--- INFORMATION SUPPLIED ---

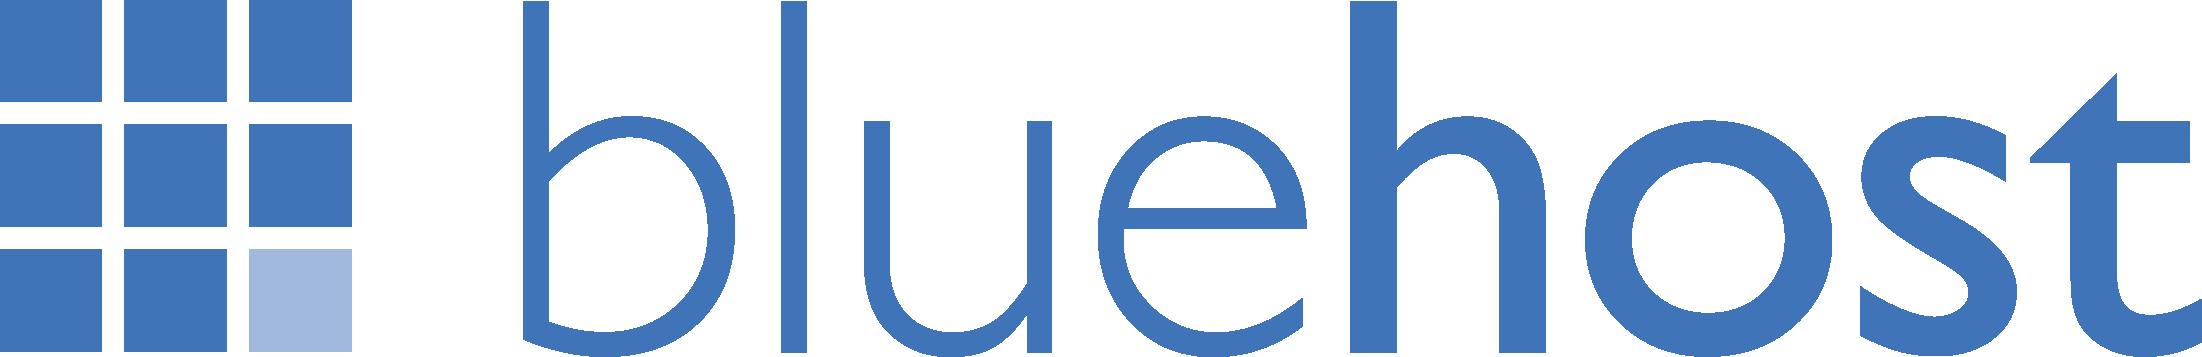 Bluehost Logo Download Vector.
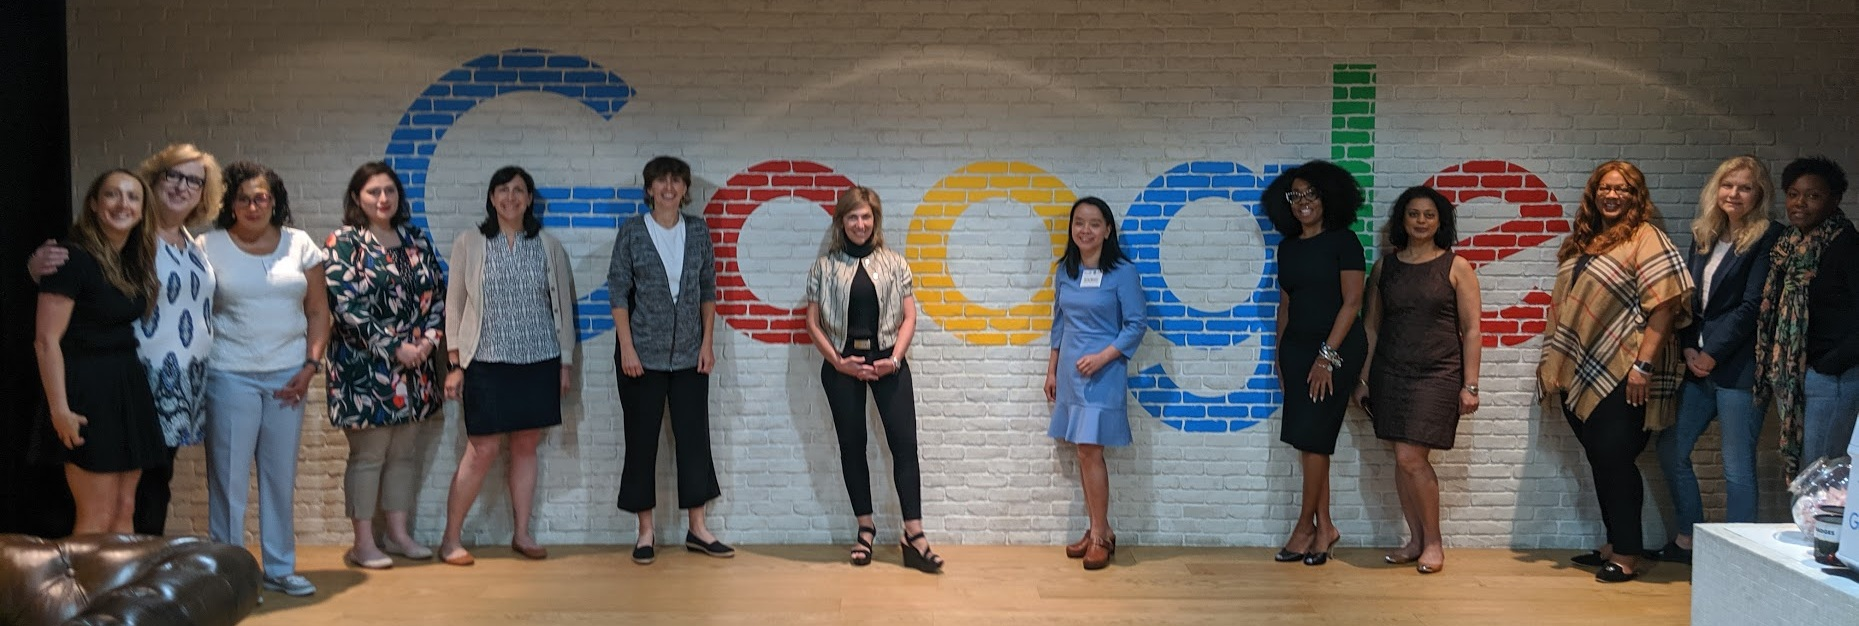 google-program-attendees.jpg
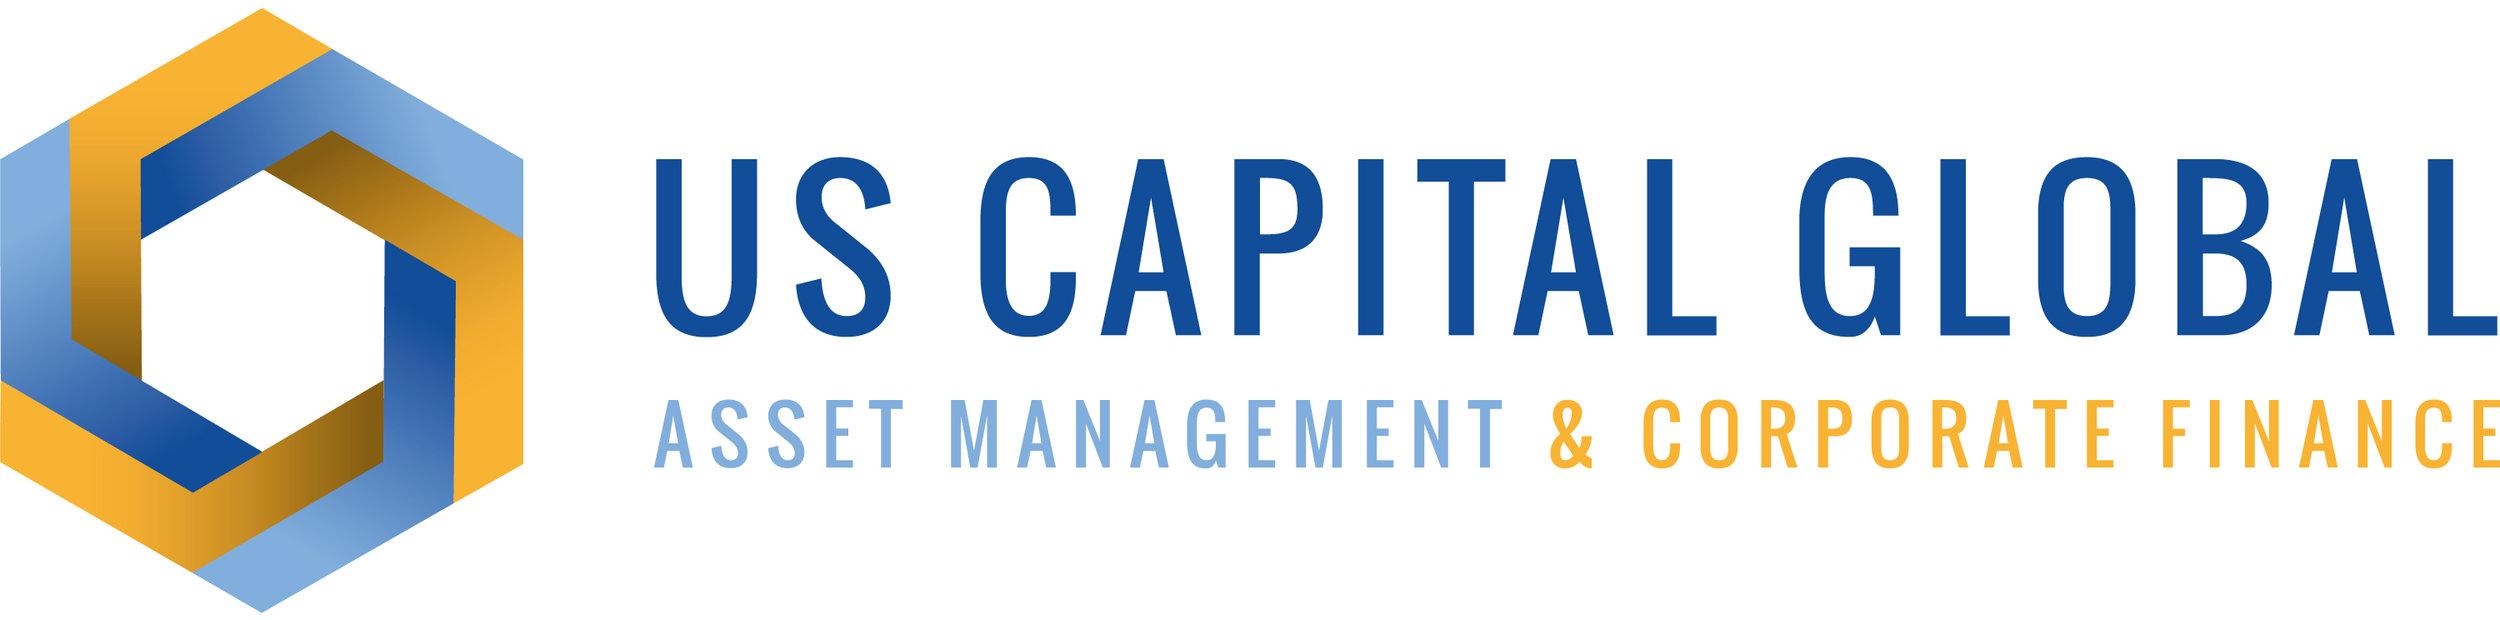 us-capital-global-col-dark.jpg
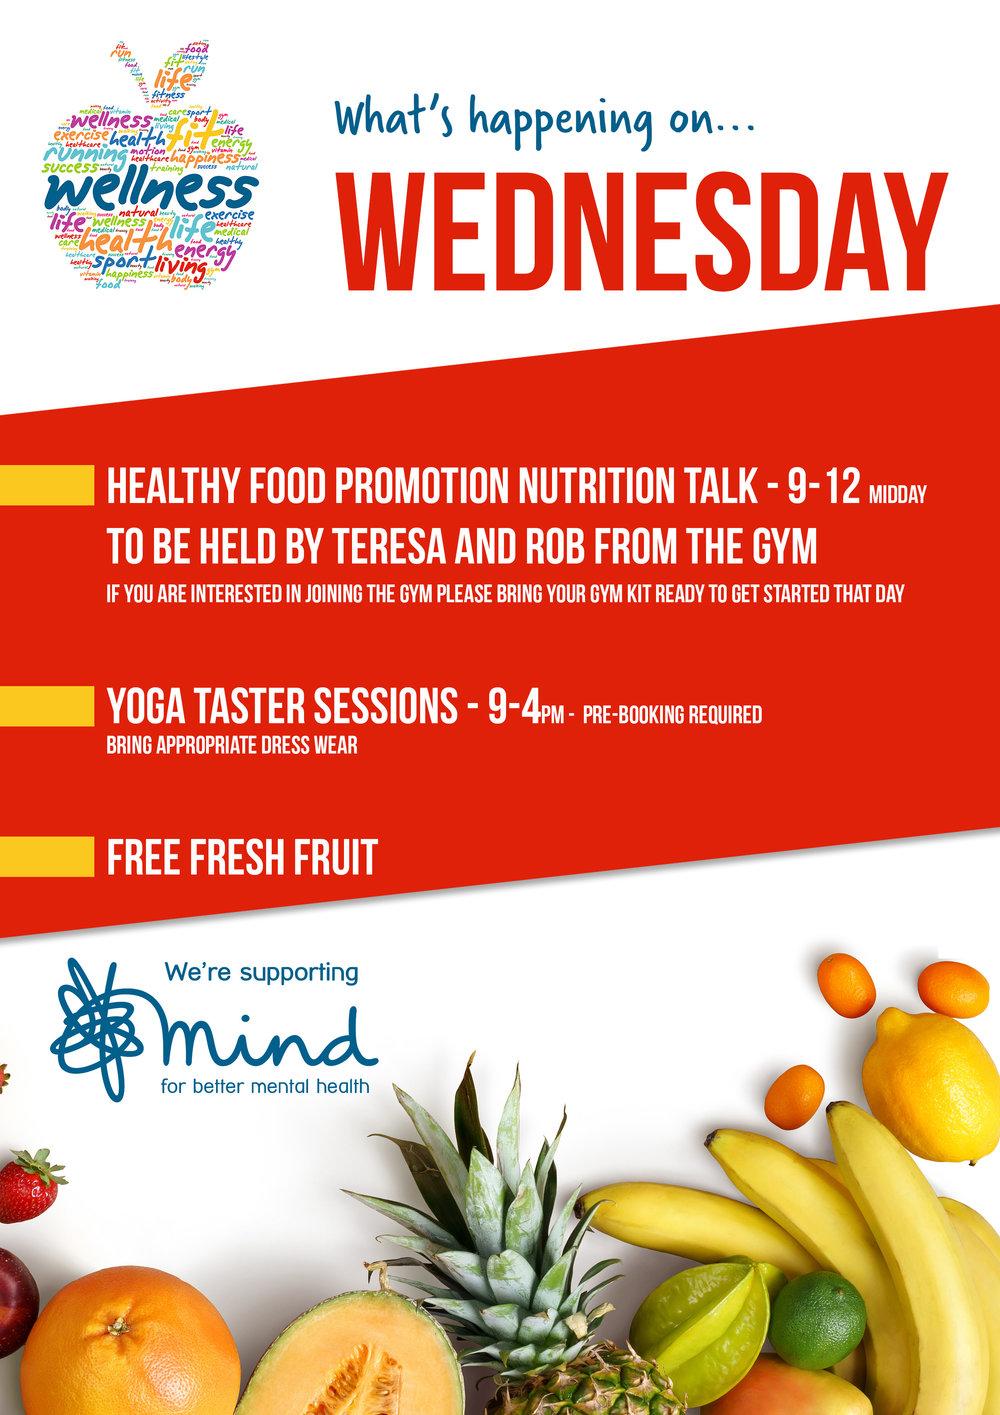 Wellness Week - Wednesday.jpg

---

__ASSIGNED TASK__.
Each line from the one containing "us-capital-global-col-dark.jpg" through the final line of the data must be reproduced exactly, both ends included, with no pictures in the copy.

__ANSWER SPACE__.
 us-capital-global-col-dark.jpg
 Wellness Week - Wednesday.jpg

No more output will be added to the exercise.